Big Data 23 min read

Alluxio Integration and Optimization for Multi‑AZ Big Data Analytics at iQIYI

iQIYI integrates Alluxio with its QBFS multi‑AZ unified scheduling system, automatically caching hot tables, applying table‑level policies, page‑level storage and AZ‑aware worker selection, which together cut cross‑zone traffic, halve query latency, achieve up to 20× I/O speedup and a three‑fold overall performance boost.
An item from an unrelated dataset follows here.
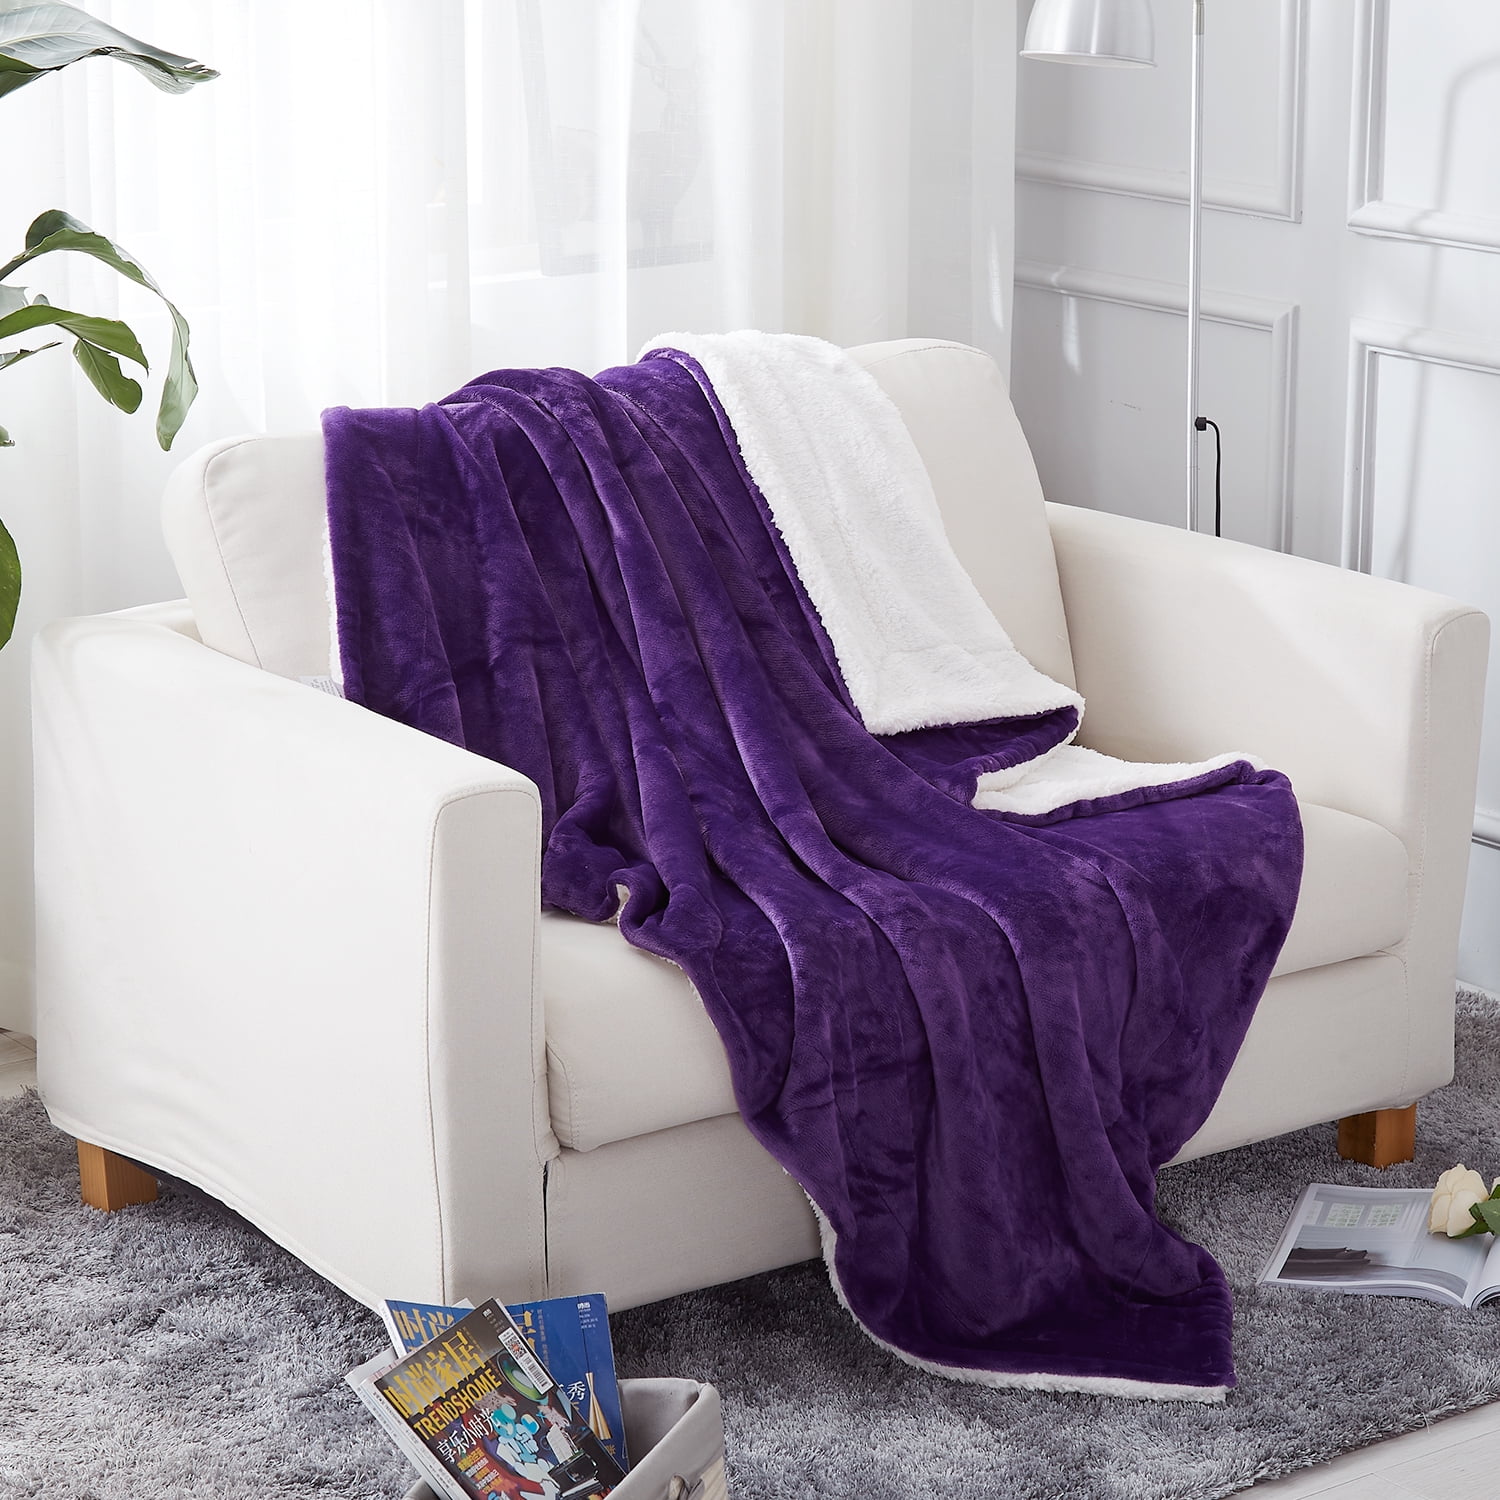 Sherpa Fleece Blanket Sofa Bed Throw Soft Warm Snuggle Blanket Burgundy King All

iQIYI Technical Product Team

Nov 21, 2024

Alluxio Integration and Optimization for Multi‑AZ Big Data Analytics at iQIYI

Alluxio is an open‑source distributed data orchestration system that sits between storage and compute, providing distributed caching and global data access to accelerate cross‑cluster big‑data analytics and AI training scenarios. It offers a unified client API and a global namespace, allowing applications to connect to multiple storage systems through a single interface, thus reducing data access latency and storage compatibility issues.

At iQIYI, Alluxio’s distributed cache is used to reduce cross‑Availability‑Zone (AZ) data transfer among multiple big‑data clusters, saving dedicated network bandwidth. It also addresses query latency growth caused by the separation of storage and compute in OLAP architectures, improving analytical performance.

This article introduces the integration scheme and management strategies of Alluxio caching in these two scenarios, along with encountered challenges and solutions.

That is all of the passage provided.